Thoughts from Pontevedra, Galicia, Spain: 30 July 2020
Thursday, July 30, 2020 @ 10:33 AM
Night’s candles are burnt out, and jocund day stands tiptoe on the misty mountain tops.
Spanish life is not always likeable but it is compellingly loveable.
- Christopher house:’ A Pilgrim in Spain’*
Living La Vida Loca in Spain
- The Galician government (A Xunta) has announced that, from yesterday, arrivals who've been in countries and Spanish regions on its blacklist in the previous 14 days must declare this on a special form. This is additional to the form-filling you must do for the national government if you arrive by plane - and very possibly train or boat - from anywhere. As of now, I wait to know whether 'visited' covers driving-through-without-stopping - specifically the País Vasco and Belgium.
- If the Madrid police really want to maximise their mask-related revenue, they should go to Plaza de 2 de Mayo at 7.30 am. Where'll they'll find a motley mixture of beer-swilling young folk and wine-quaffing alkies, none of whom are wearing the things. Unlike all the street cleaners and the dog-walkers.
- On this subject, things are so different here from the Netherlands (and Finland) that the second I got up from the table in a tapas place last night - to chase my errant grandson - I was politely asked by a waiter to pull my mask up over my nose. Possibly because he was heading for the counter and the glass case of tapas dishes.

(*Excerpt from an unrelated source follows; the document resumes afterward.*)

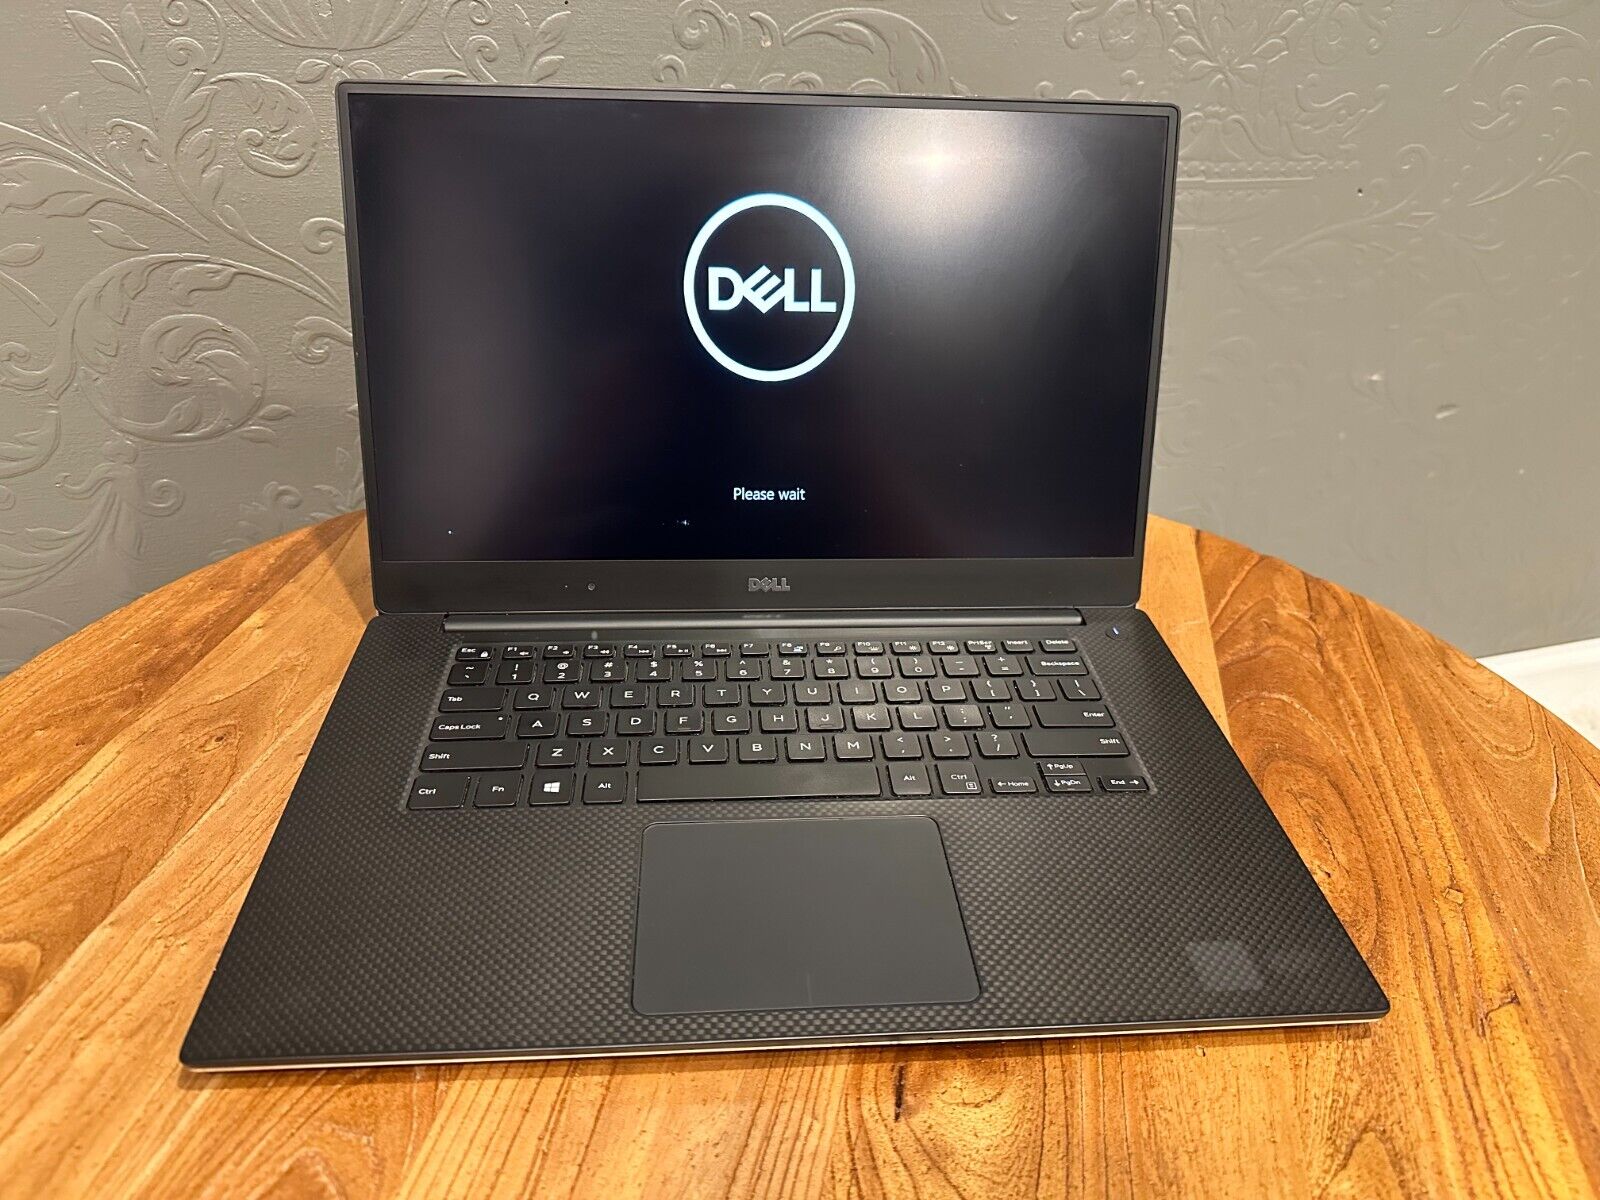 Dell XPS 15 9560 - Silver - 16GB RAM - 238GB SSD - Used
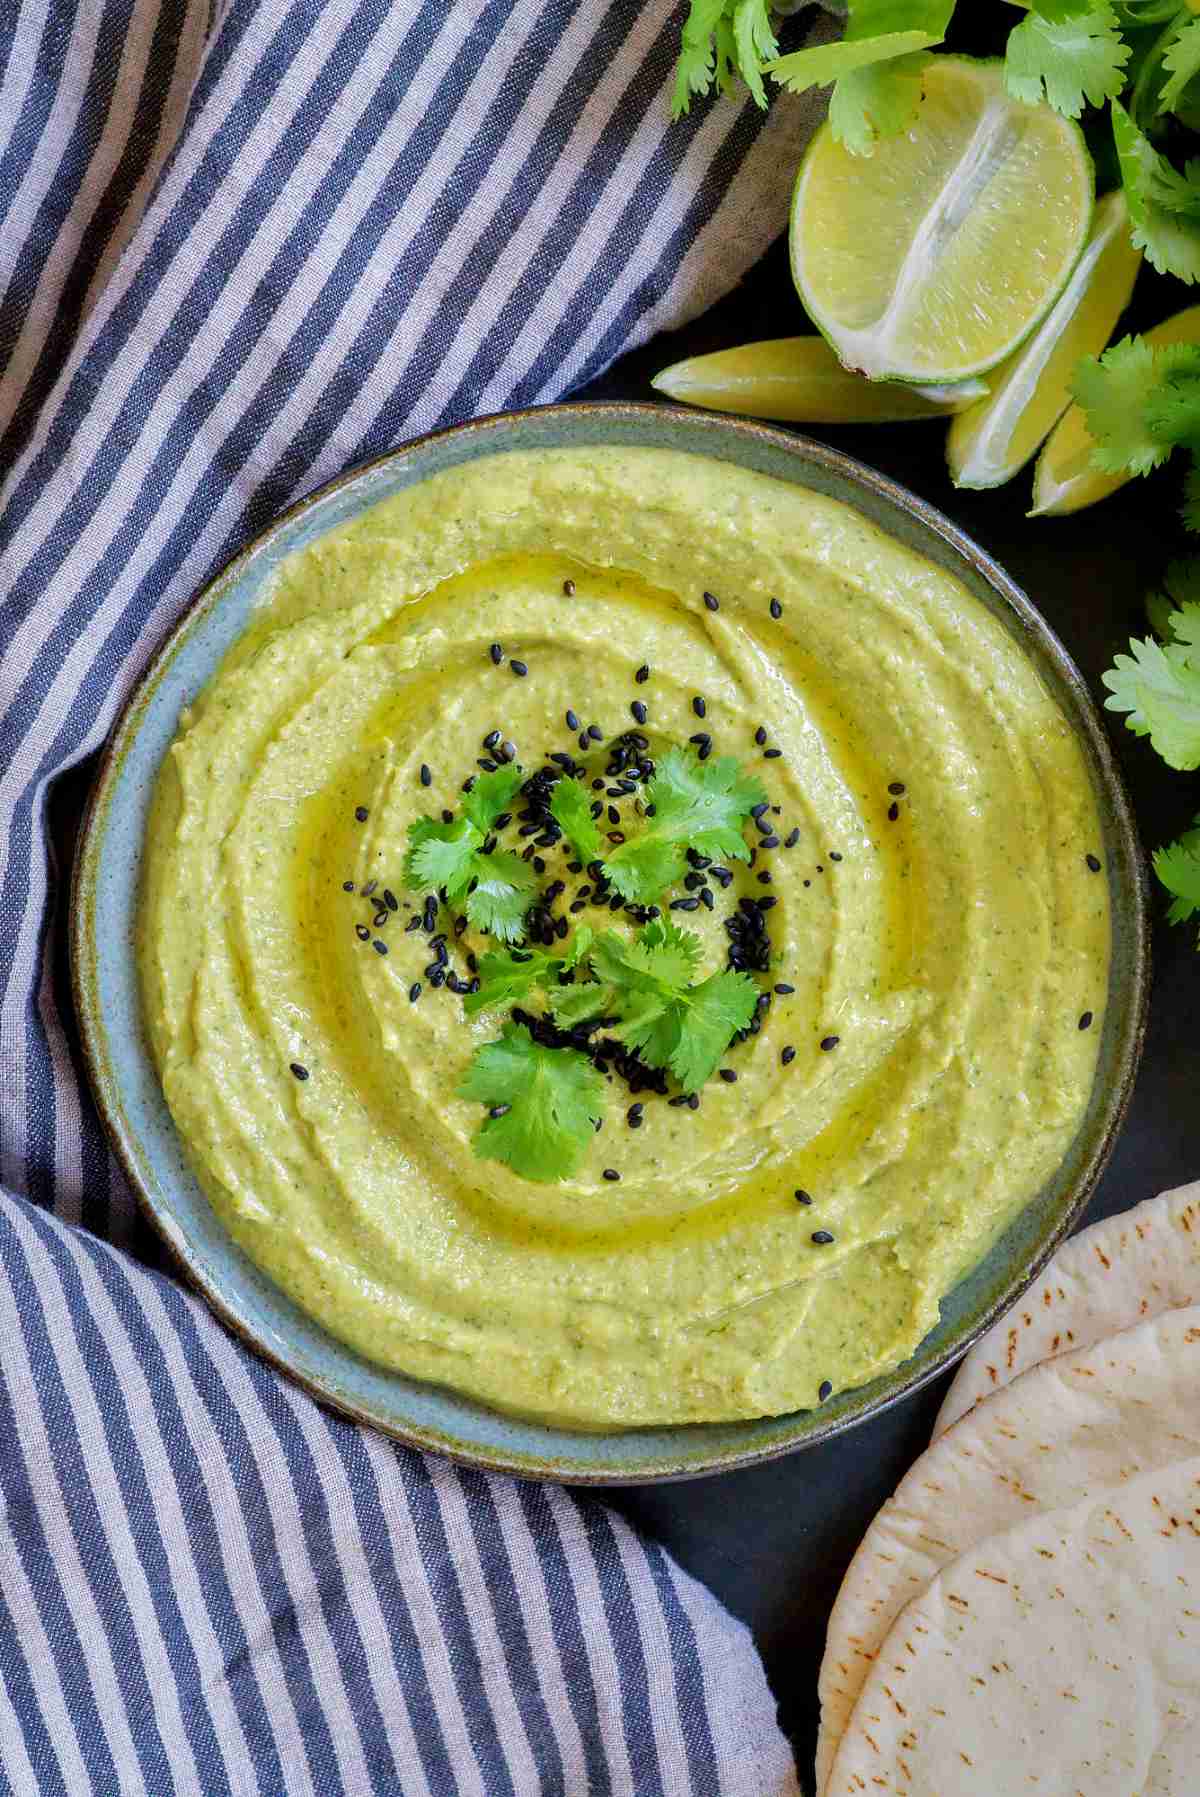 Green hummus on a plate with limes and cilantro.

- And here's Lenox Napier of Business Over Tapas on the subject: Some of these new rules seem to have been hatched without much thought. Yes, it's good to wear a face-mask at all times (and not just when you want to confuse the new face-recognition technology), but how far should one be obliged to wear one while enjoying a drink on a terraza? The police can fine you €100 for not observing the rules, apparently, if the glass isn't touching your lips. . . But possibly not inside.
- It's hard to imagine - once Covid is defeated - all the plastic screens being dismantled. After all, it's a sunk cost without much by way of maintenance costs and why run the risk of catching anything from customers? Most particularly the also-possibly-fatal winter flu.
- I did manage to get a glass of Albariño in an excellent tapas bar last night - Vinitus, on Gran Vía. But not Godello, as I didn't want to drink an entire bottle.
- It was odd to see paper menus on the table of the place; back in Galicia these are banned and you need to consult them via QR codes pasted on the tables.
- Here's Day 45 María's Chronicle, where she speaks for most, if not all, of us.
The USA
- Here and here is more on the lunatic doctor first endorsed by and then disowned by Fart. As is his wont.
- And here and here is more amusing stuff on Fart. As María wrote, who could ever have dreamt (nightmared?) that such a dolt would become the POTUS
English/Spanish
- Poverty breeds discontent: Donde no hay harina, todo es mohína
- Servants make the worst masters: No hay peor cuña que la de la misma madera. [??]
- Set a thief to catch a thief: Nada major que un ladrón para atrapar a otro ladrón.
Finally . . .
- Lenox Napier: There’s no one like the English for preparing Spanish dishes (we remember Jamie Oliver’s paella with chorizo). Here’s The Guardian’s Felicity Cloake with ‘How to prepare a Spanish omelette’ (although, it does sounds delicious!).
* A terrible book, by the way. Don't be tempted to buy it, unless you're a very religious Protestant.